▶ **Collected material**
***
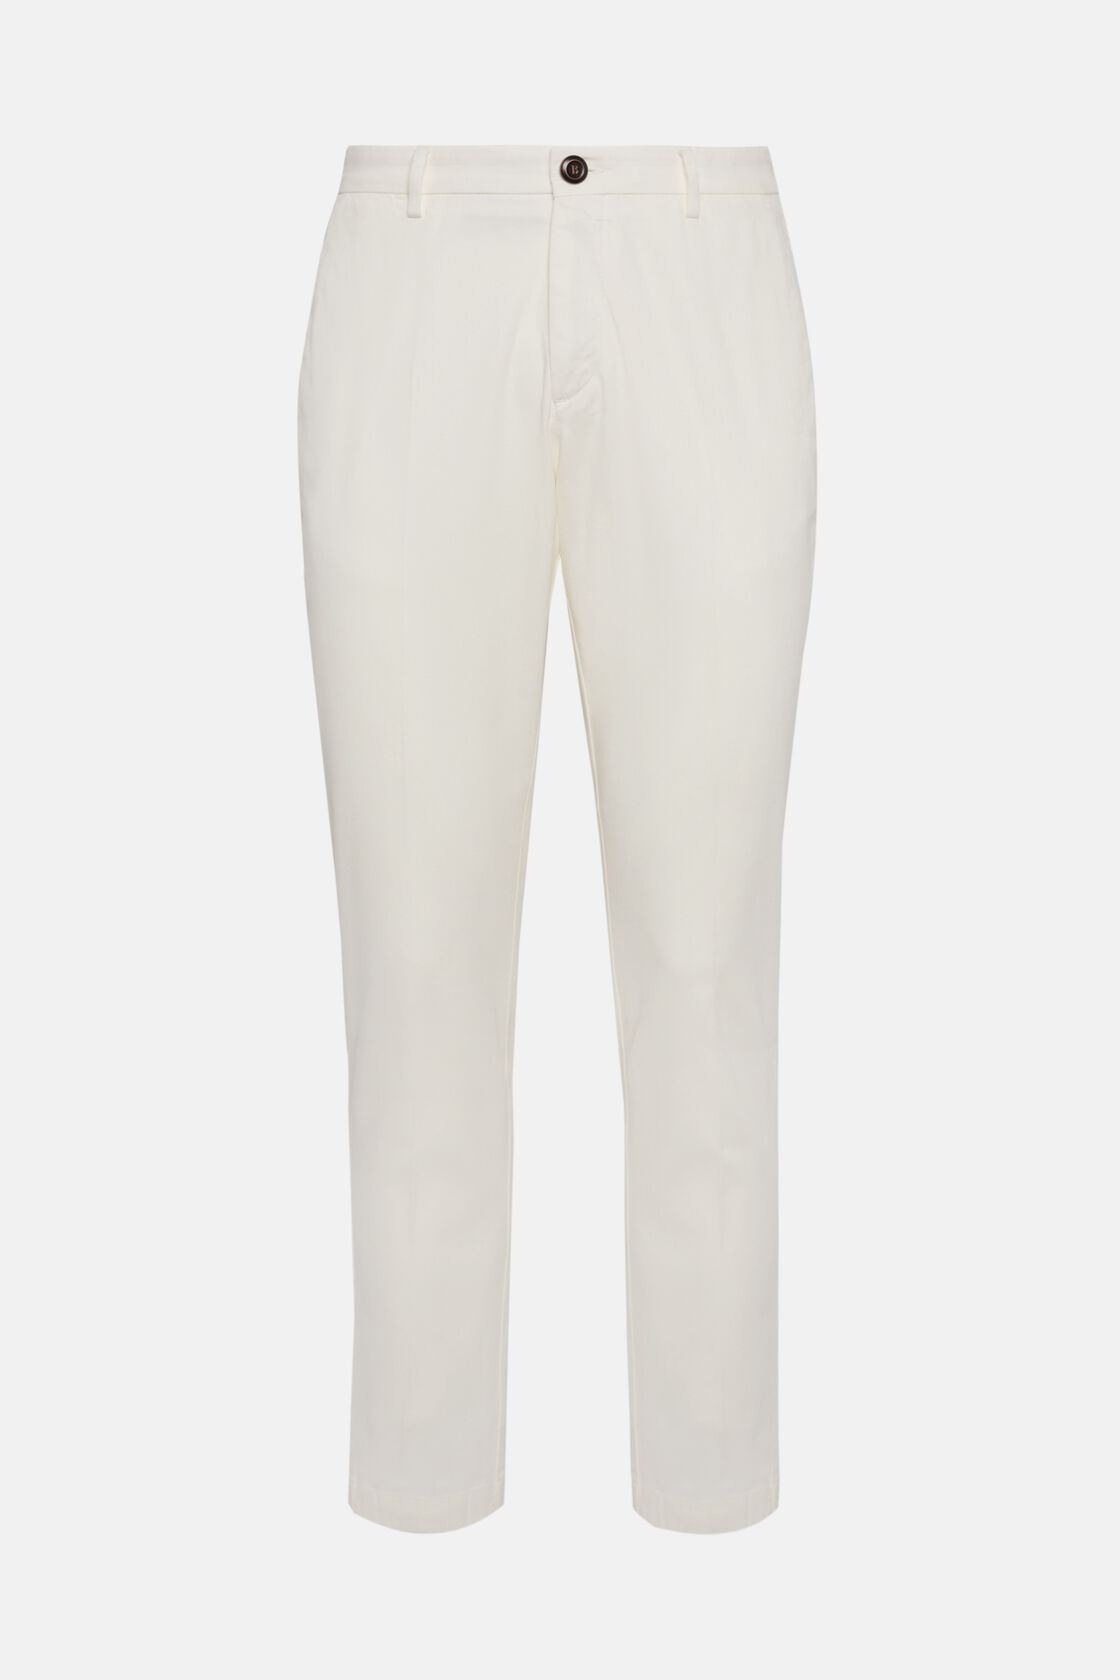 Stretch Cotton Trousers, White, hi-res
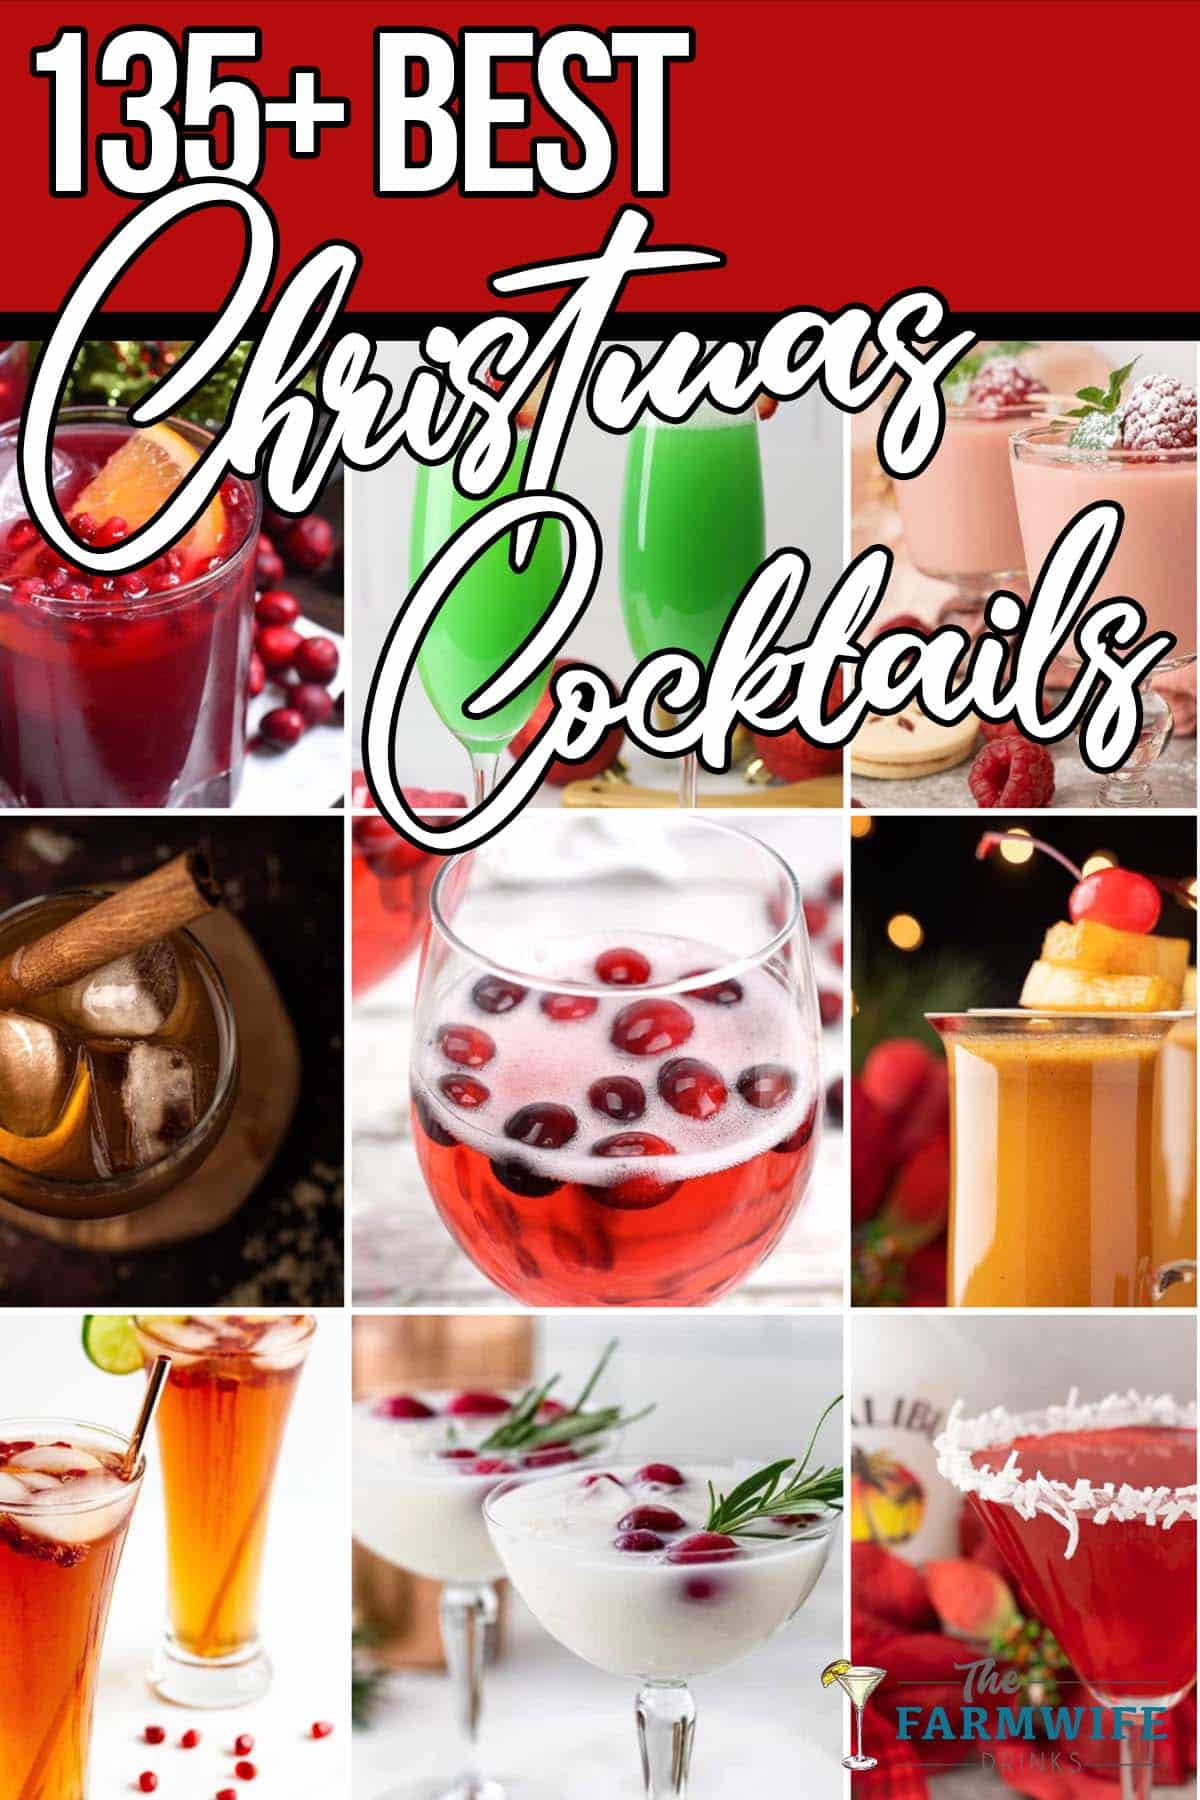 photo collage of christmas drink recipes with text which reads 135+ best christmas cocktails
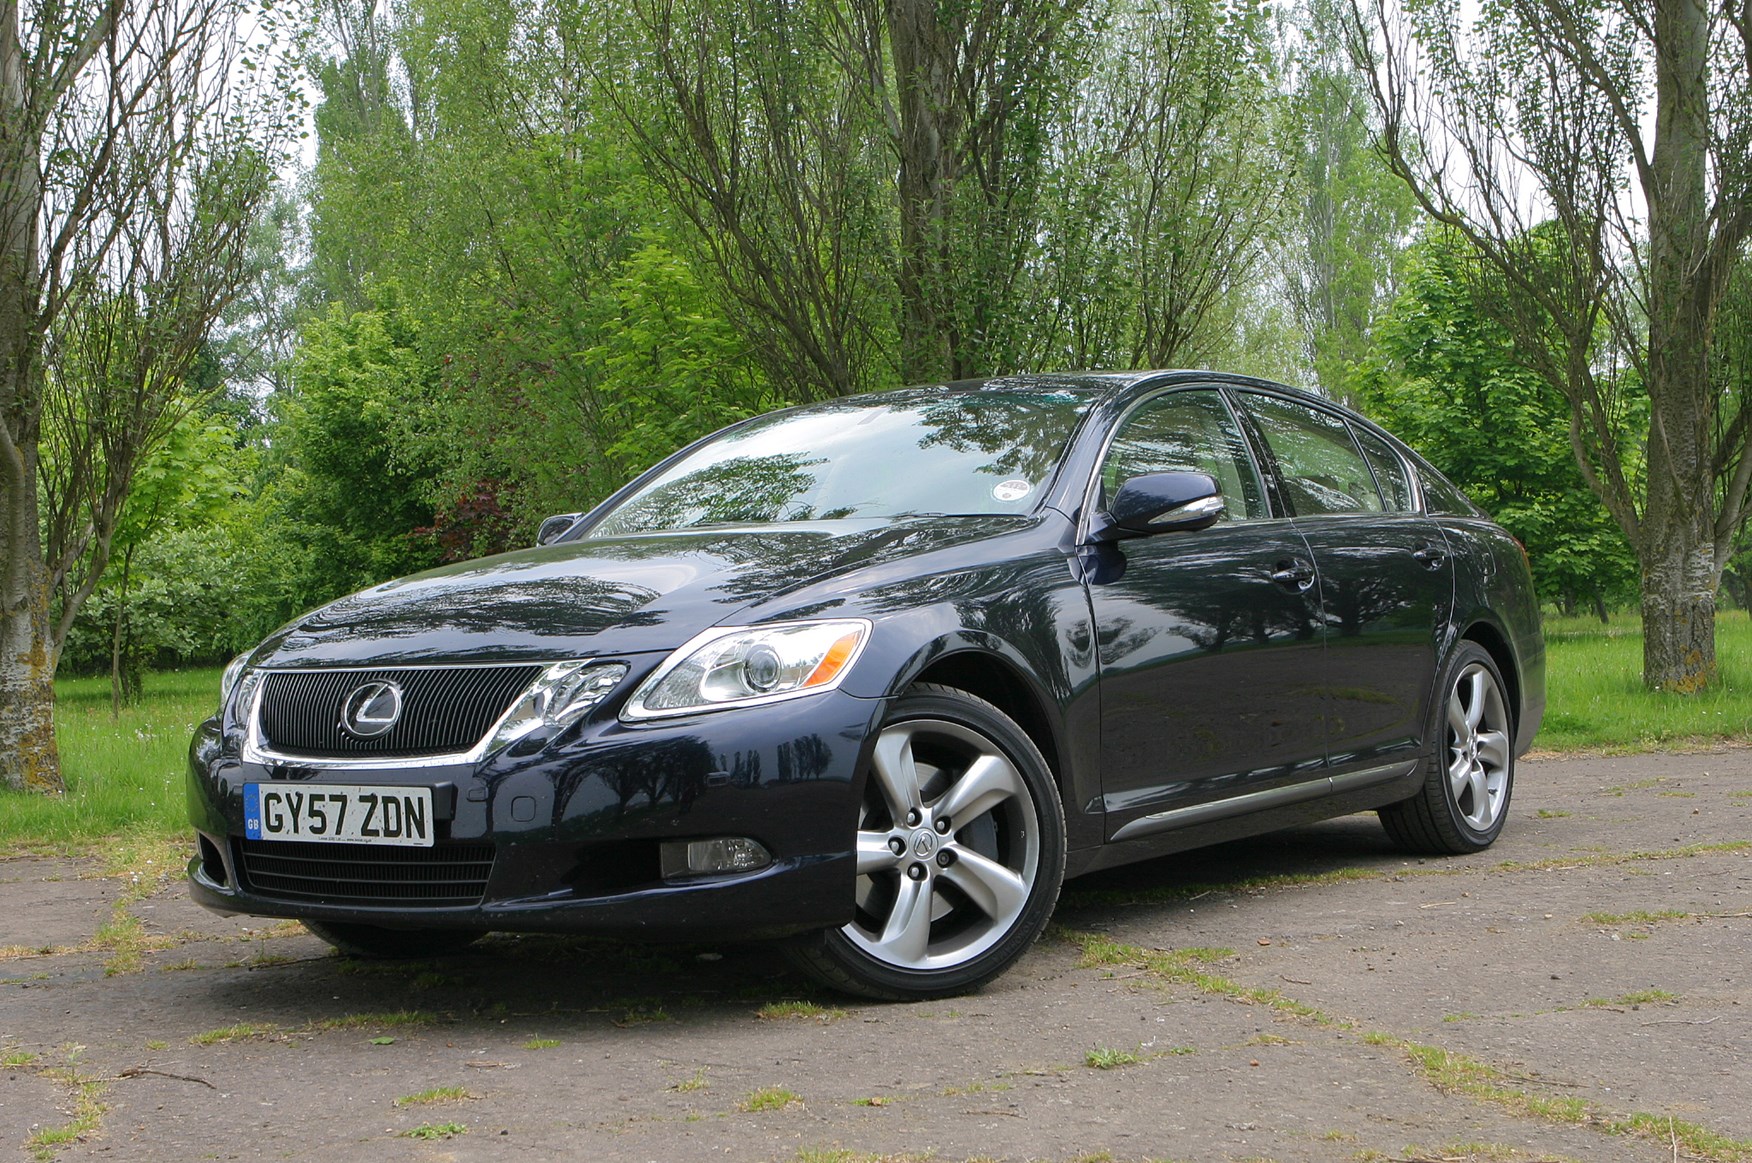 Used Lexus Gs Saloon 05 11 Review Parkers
***
▶ **Aim of the exercise**
Copy all of the listing word for word, minus the images.

▶ **Finished exercise**
 Stretch Cotton Trousers, White, hi-res
 photo collage of christmas drink recipes with text which reads 135+ best christmas cocktails
 Used Lexus Gs Saloon 05 11 Review Parkers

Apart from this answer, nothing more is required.